I think it could be a combination of factors but ever since reading that, we stopped buying plastic bowls for our family pets. Just in case.


----------



## Enzos_Mom (Apr 8, 2010)

Enzo has 2 different types of bowls, depending on where he's eating...one is stainless steel and the other is ceramic. I also heard that old wives tale, so I stayed away from plastic bowls.


----------



## Noey (Feb 26, 2009)

Noahs nose is black....

Scouts nose was black - turned brown this summer - now we have a snow nose. But it fits his face. He might end up with a year round snow nose...his mom was snow nosed and dad was black ...I've started calling him eraser head. His nose is sorta brown/easer pink color. Or #2 (as in pencil and he is out second dog)


----------



## Bob Dylan (Mar 31, 2009)

Snow nose, yes every winter Dylan's nose will change but with age it really doesn't turn black anymore.


----------



## Wimbles (Mar 25, 2010)

This is really interesting Hector's nose, just on the tip has lost some of it's pigmentation, only slightly but we have had a lot snow and rooting recently. He does have a seaweed powder added to his dinner every other day too.


----------



## jwemt81 (Aug 20, 2008)

Our boys have never really gotten snow nose. Tucker is 2-1/2 and still has a pretty black nose, but he did start to get a tiny bit of fading at the very top of his nose this past fall, but the rest of it is still all black. It will be interesting to see if the top of his nose darkens back up in the summer since this is the first time it has ever faded. Tyson still has his coal black nose, but he's only 14 months old, so time will tell if his stays that way.


----------



## blond1155 (May 27, 2010)

Tucker turned 1 in late August, and as soon as the weather started to get cooler, his nose started to get pinker. Now that the snow is here, there's really not too much black left. Personally, I like it.
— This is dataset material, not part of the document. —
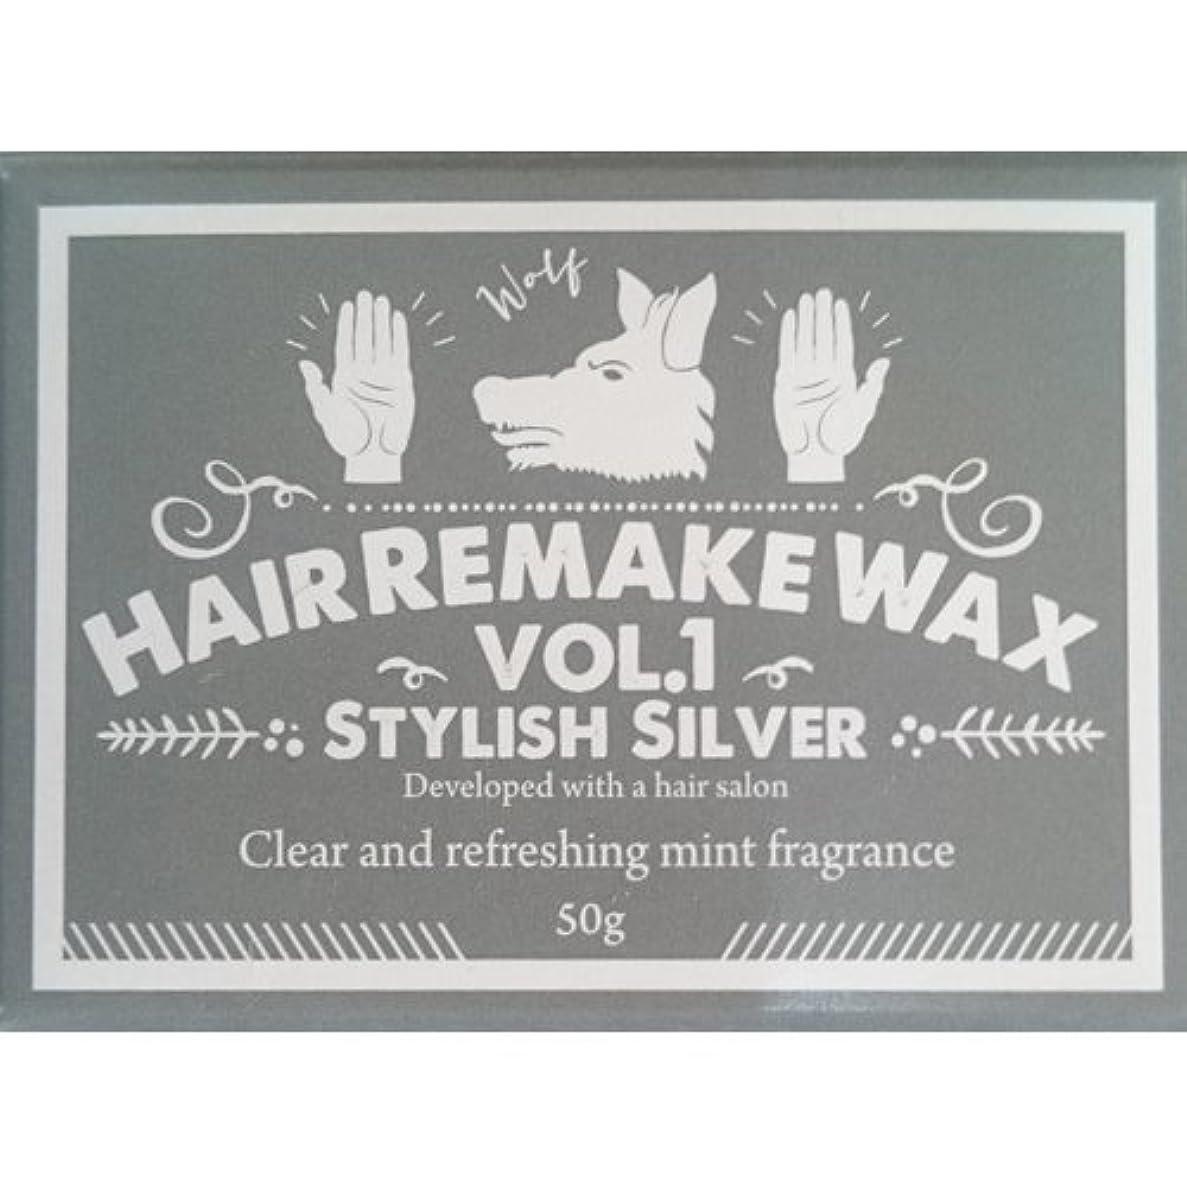 パキスタン極めて重要な領収書Hair Remake(ヘアーリメイク)WAX Vol.1 スタイリッシュシルバー 50g

I think he looks cute! We'll see what happens come spring and summer though!


----------



## lily101 (Nov 8, 2010)

yea my Lily's nose does the same thing!


----------



## Duke's Momma (Mar 1, 2007)

Duke's nose was brown. Cole's is coal black and I l-o-v-e it. I pray he doesn't get snow nose. We'll love it anyway, but it's so stark against his light colored face.


----------



## janine (Aug 8, 2009)

Enzos_Mom said:


> But I love his black nose and tell him so all the time so I noticed it today.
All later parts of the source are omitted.